I'll take a stab at this.
I'm a man, and I don't think we feel love in the same way women do.
Firstly, I don't think love itself is one emotion. It's a whole bundle of them, both negative and positive, rolled up into one. It's attraction, jealousy, affection, a need to provide, a need to feel cared for, companionship, happiness, grief, fear, and a whole load else besides.
And all these emotions in differing amounts make up love in all its forms. I.E. You love your friend for the companionship they provide, but you don't (usually) feel jealous when they have other friends. You love your Mum because they care for you, but (hopefully) attraction doesn't factor into that relationship at all!
And finally love with a partner is the most complete form of love. It's the one where you feel almost all of the range of emotions associated with it.

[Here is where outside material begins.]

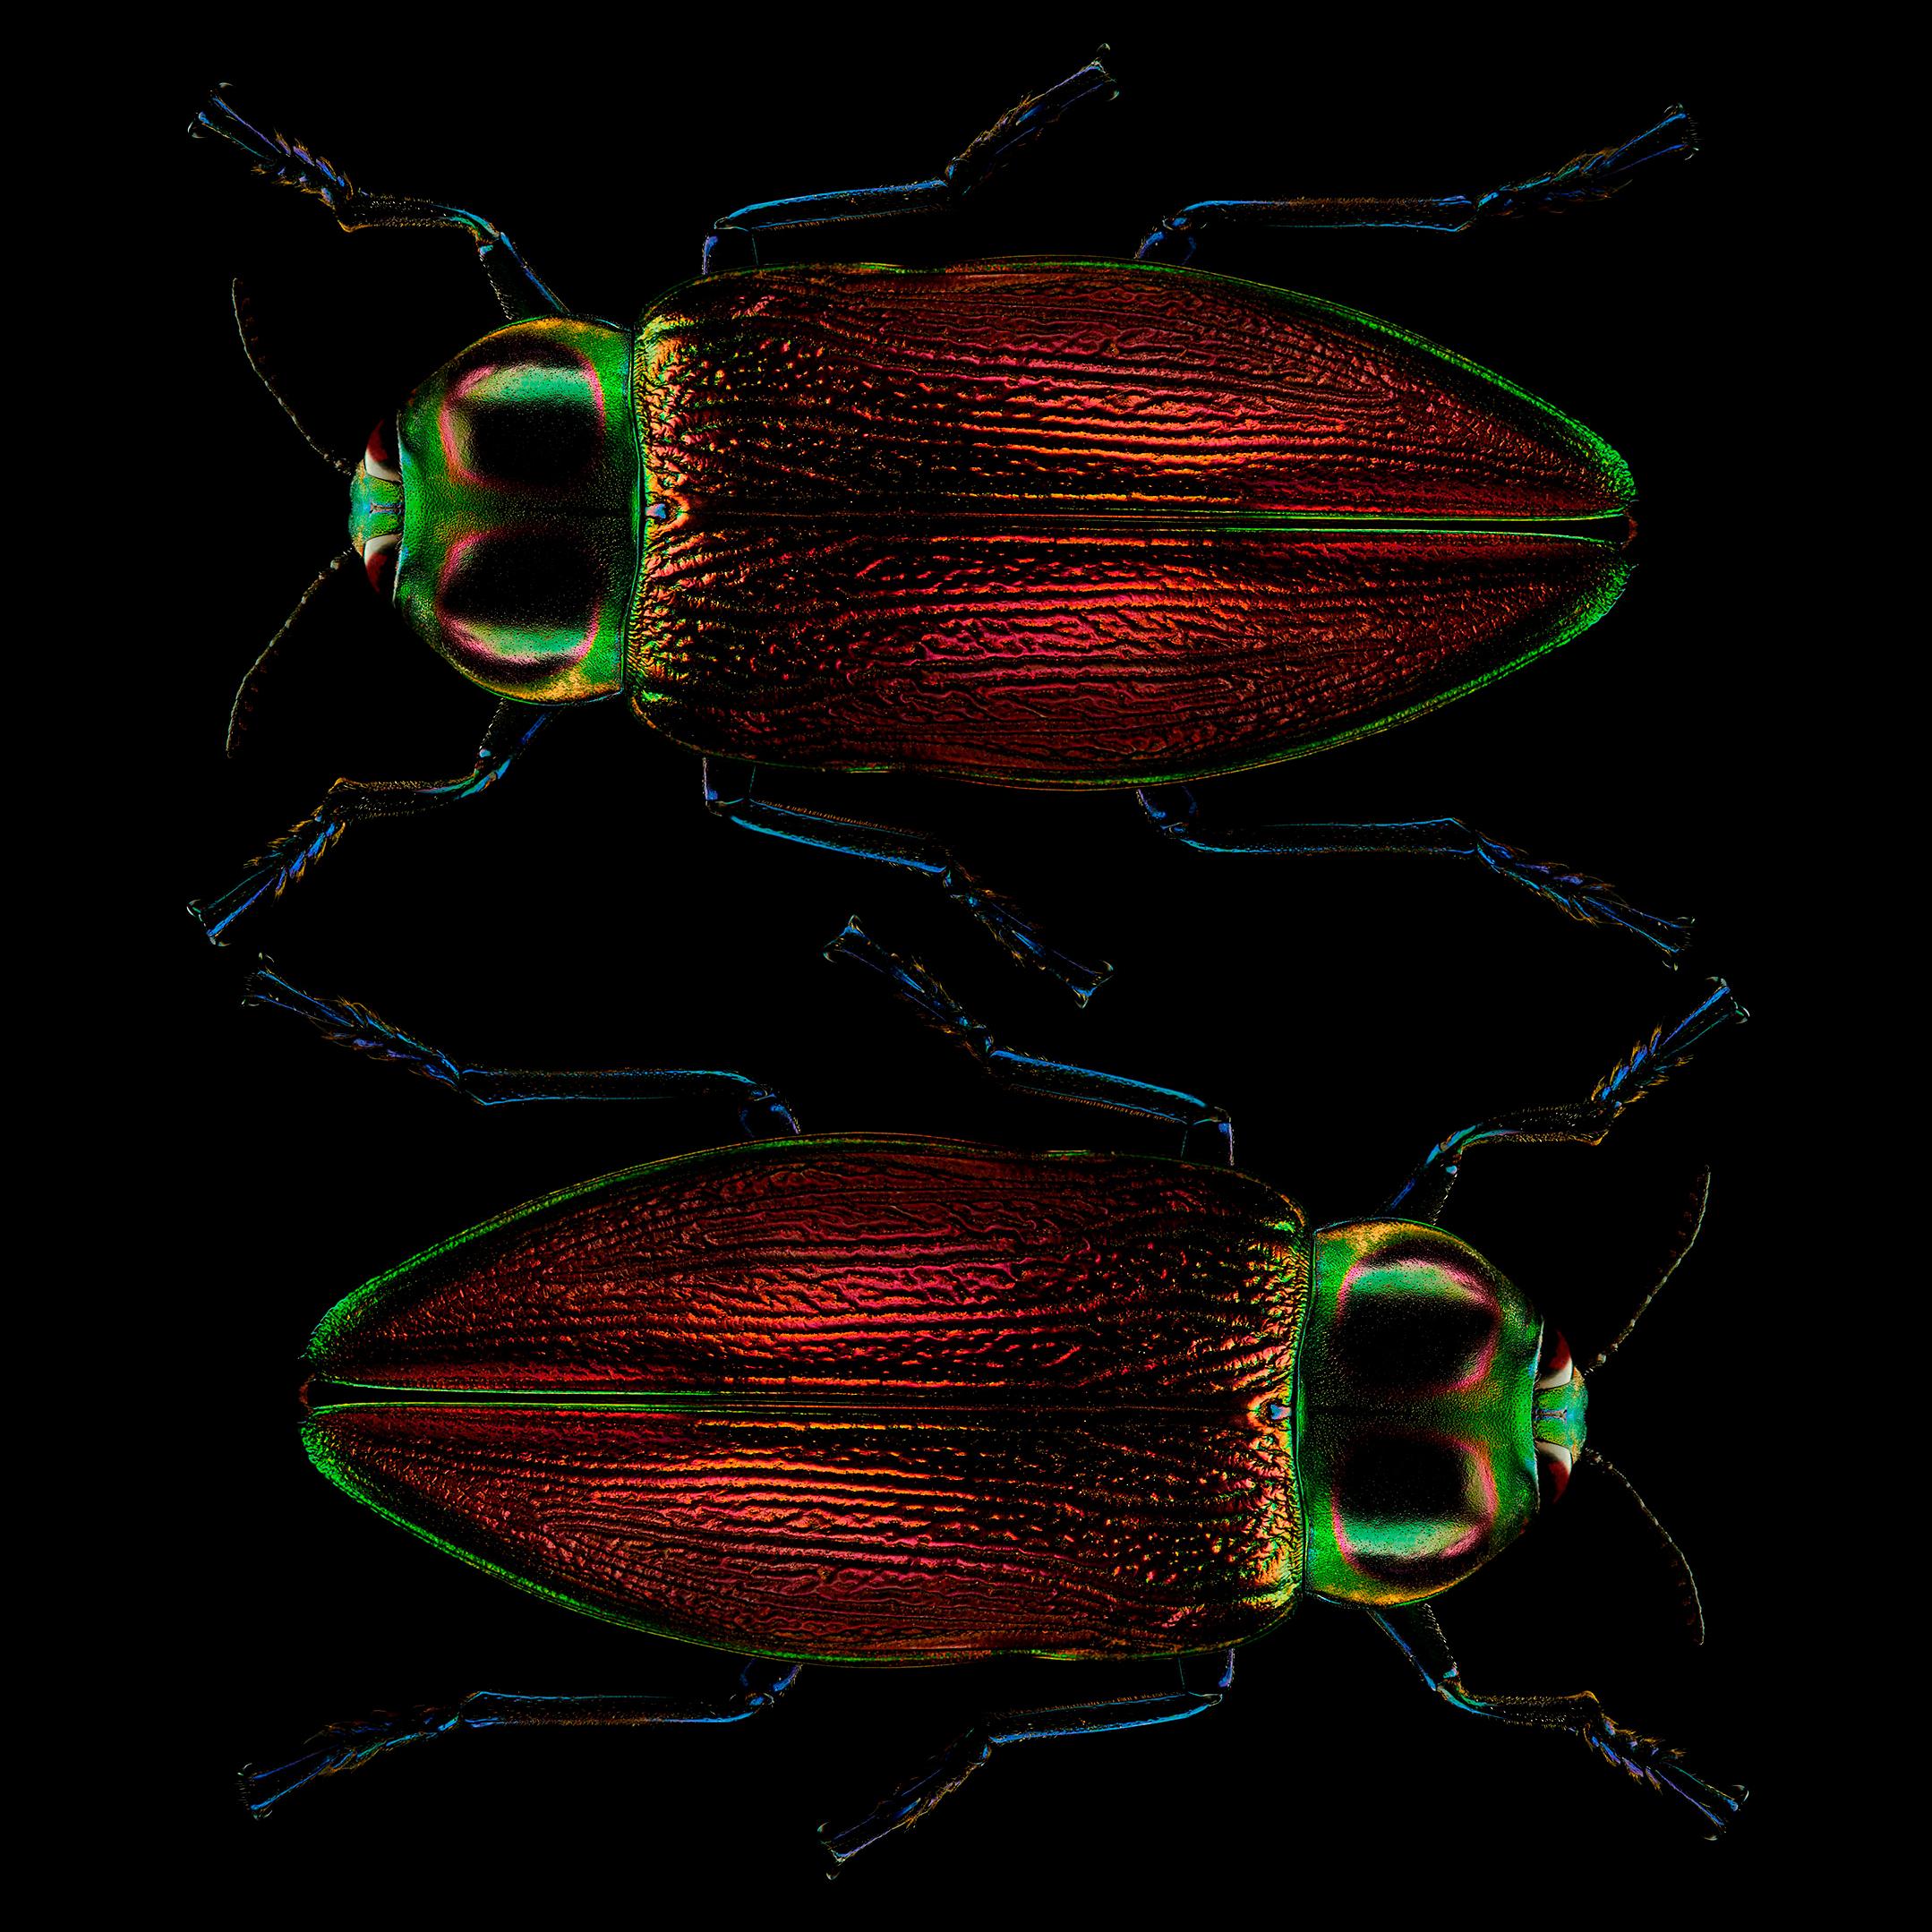 """<a href=""""//mrsteel.london/shop/giant-metallic-wood-boring-beetles-pair-by-mr-steel"""">REVEAL DETAILS / BUY</a>"""

The problem is that men are emotionally stunted. We're discouraged from childhood from feeling a whole range of emotions. "Boys don't cry", "You're too old for a hug", "Don't be scared, you're my brave boy".
Periodically, someone will ask on Reddit "Whats a thing that women don't know about men", and pretty much every single time the most upvoted response is some variation on "The last time I was complimented was five years ago and I still think about it some times"
We're told from birth that we shouldn't feel things, so we push them down, and sooner or later we forget how to feel them. So for men, love is very much stripped back. We're allowed to feel attracted to someone, we can feel jealousy and possessive, we understand that we're meant to be the provider, the strong one, the brave one.
But happiness, companionship, wanting to feel cared for and appreciated, these are all muted for us. We're meant to be stoic, comfortable by ourselves, the idea of asking for a hug horrifies us!
And we can do fear, and grief, but we've been taught to hide them, so they tend to come out as anger, because we're cross with our selves for being sad, and weak.
In short, we're broken.
In some cases that means we don't love enough, or we're not scared enough of losing what we have. So we lie, we cheat, we do things that we know will upset our partners.
And in some cases the negative emotions involved in love overwhelm the positive ones, and men become posessive, controlling, abusive.
Things are changing I think. I'm 40ish, and work with a lot of people in their early 20s. They're a lot more open with their emotions, a lot less scared to say when they're unhappy, or worried. It'll be interesting to see how that translates into relationships in the future.
So to sum up: The Patriarchy! Fucking up life for men just as much as it does women.